Chris Nietvelt is a flighty, high-spirited Cleopatra. She and her handmaids aren’t youngsters; hers is a middle-aged romance and in close-up she looks much more than the age that the newsflash gives her. Her concern about the attractiveness of her competition for Antony is a reminder that she had used her sex to gain the support of Julius Caesar. Yet, as with Antony, along with the romantic irrationality there is still a suggestion of someone who once knew how to play the game of diplomacy.

With the audience all over the stage and some scenes played in the auditorium (and the cameras follow Bart Siegers’s fine Enobarbus out onto the Barbican’s service ramps), this has been described as an immersive production. In a way it is the exact opposite for, though the actors as themselves may ask you to move up on a sofa, the characters don’t involve the audience except in the forum scenes—which they would in any production.

The proximity to the action actually emphasises the way in which these politicians ignore the public. Although Coriolanus shows the people expressing their views through their representatives, those in power pander to them only to keep power and make it easier to manipulate them.
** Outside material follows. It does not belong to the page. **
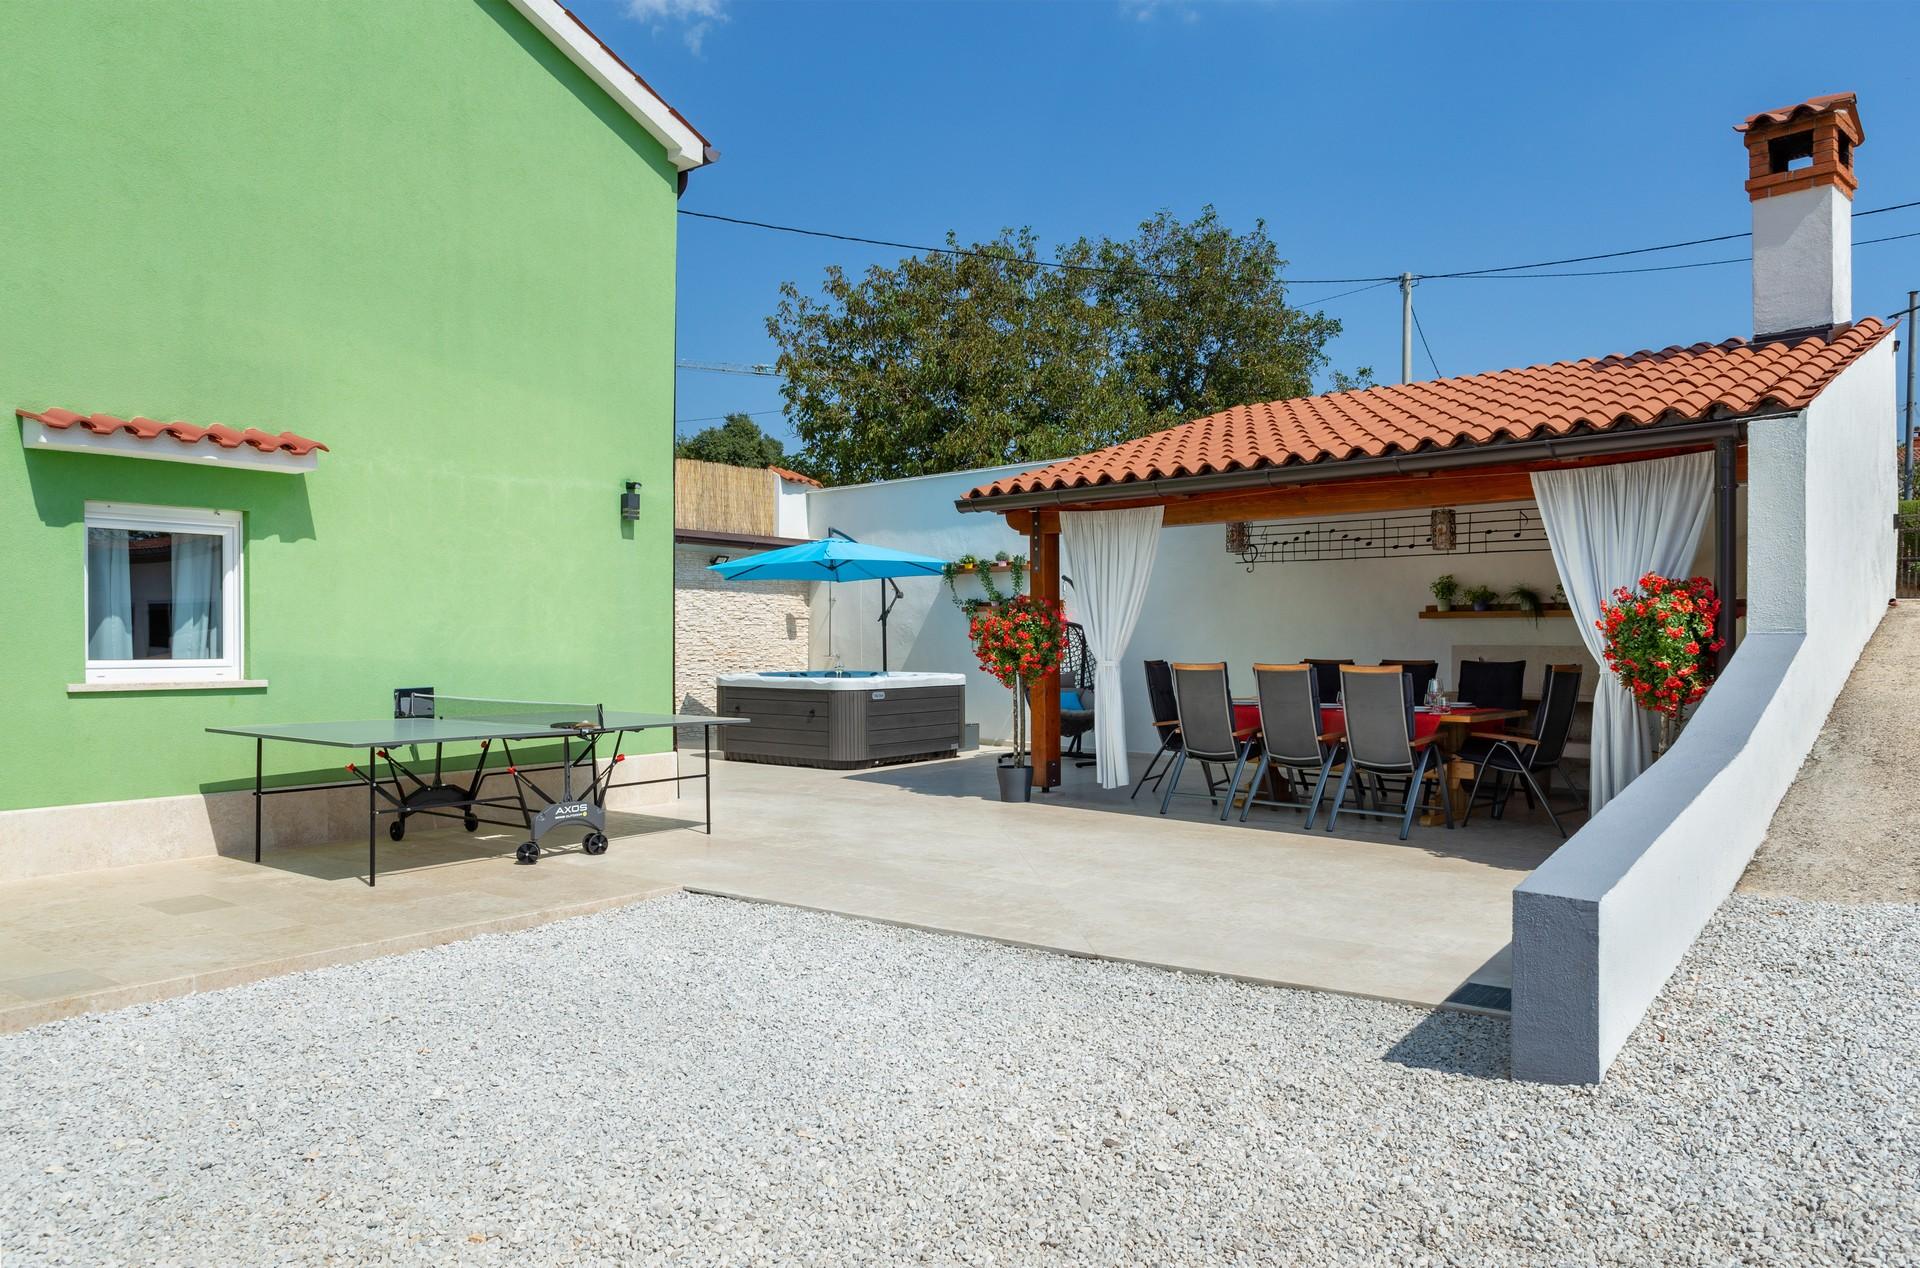 villa deal outdoors (25)

Ironically, the evening ends with a newsflash reminder that Octavius Caesar, later the Emperor Augustus, brought in a long period of peace and stability and prosperous empire for the Romans. What does this say about which politicians make things best for the rest of us?

This is a landmark production, ten years old but still fresh and powerful, though in the years since it was first mounted some of its innovations have become more common. It sustains six hours engaging almost constant attention, allowing for relief and refreshment without losing momentum, and supports a feast of fine acting.